As God is my witness, I'll never be fat or hungry again.
- What Scarlett O'Hara would have said if she'd been writing this blog.
Been having a rotten couple of weeks: family issues and a frankly insane work schedule has led to me being short of sleep and not doing well diet wise. The first week, I packed a lunch each day, but I didn't have time to eat it. The daily walks have been abandoned for the last week, while I work through lunch and am usually too tired to eat much dinner.
Friday, I thought the crunch time was over. I've been coming home too tired to exercise, so I made sure I took the time to do an aerobics video before I went in to work. Besides, I reasoned, I was damn well going to take a walk at lunch.

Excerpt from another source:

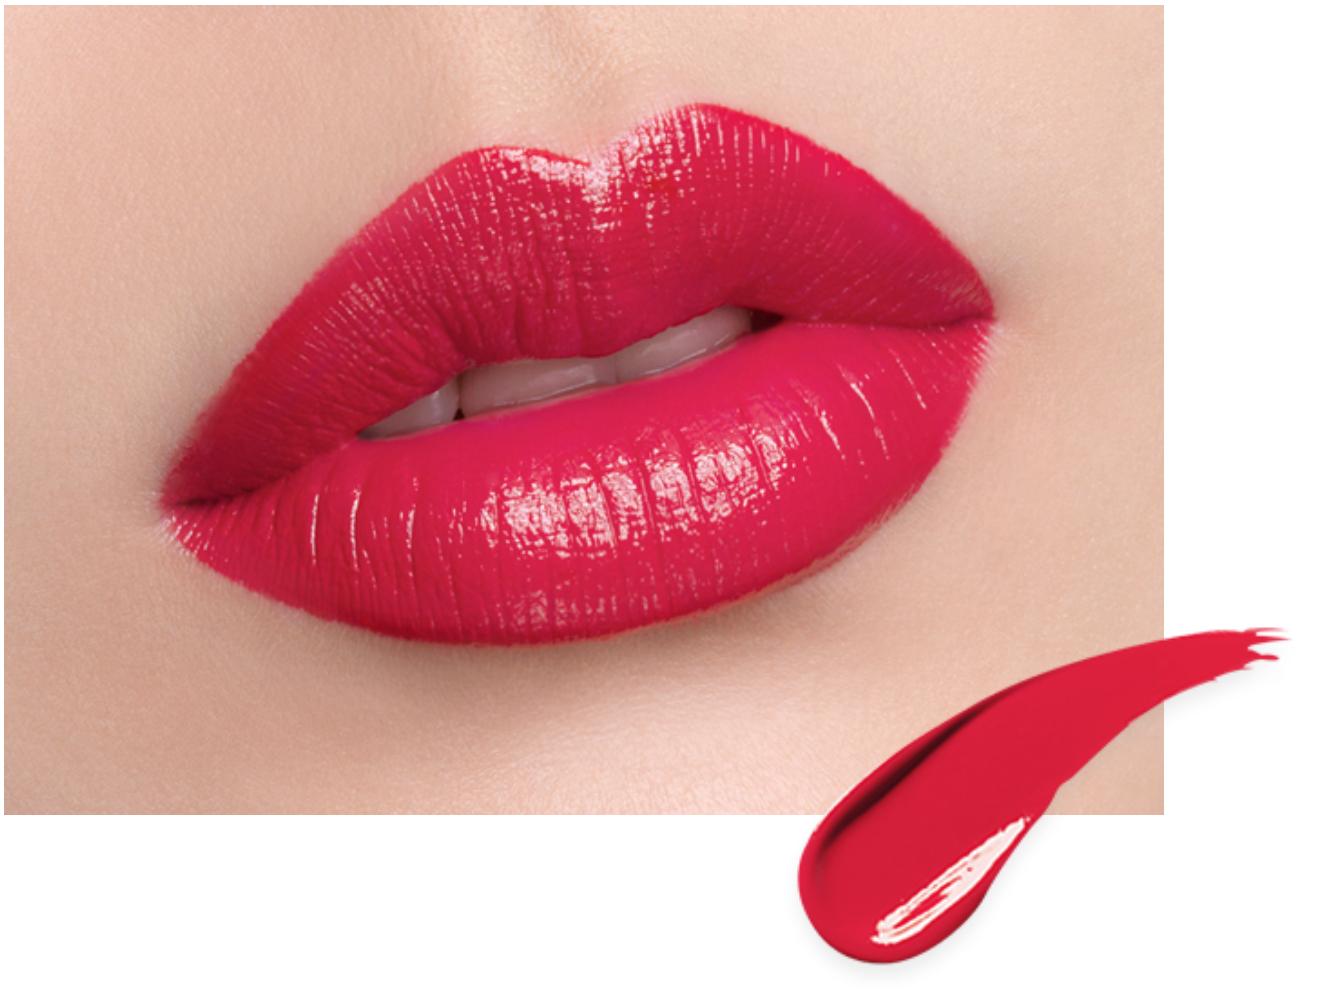 laneige-silk-intense-lipstick-314.png

Except that when I arrived at my cubicle there were three people waiting for me, there was a crisis, millions of Euros riding on a deal and the extremely convoluted installation instructions had to be rewritten at the last minute. Walk? Ha. Healthy food? It is to laugh. Grab a doughnut as you pass the kitchen.
Two weeks of this and all my good habits have apparently taken a walk without me. And they haven't come back. This is starting to turn into a blog tracking my failure, not my success. Well, screw that.
I have made progress. I am closer to make eating vegetables and exercising daily a habit, something that I can do without thinking. I do good, then something always causing me to fall back into fast food and sloth. Too much pressure at work, lack of organization or motivation, something. So really the one habit I'm getting ingrained into my psyche is the one of getting back up and getting back into it again. Do good, fall down, get up and do good. It's automatic now. I'm not going to be deterred. I Have Spoken. (You'll have to picture me standing against a dramatic sunset, one fist raised defiantly to Heaven, "As God is my witness...")
Two things I am going to concentrate on:
1 - Make a point of taking some time off on the weekends, just to regroup. Working every weekend is stupid, no matter how Important the job. I can't function that way. I need to prepare vegetable food-stuffs on the weekend, since I don't have the time during the week.
2 - Make a point of shutting off work and stress and going to bed. I can't do everything. I can't make things better by stressing about what I can't do.
Frankly, my dear, I can't give a damn. - What Rhett Butler would have said if he'd been in this position.
(Oh come on. I had to say it.)
It's weird, but it feels better to write this. Usually anything that sounds too whiny makes me cringe. It was hard to write the thyroid post, because it felt too self-pitying. But I feel better acknowledging that I haven't done what I set out to do -- yet -- and that I have lost some ground in this battle.
And what the hell. Tomorrow is another day.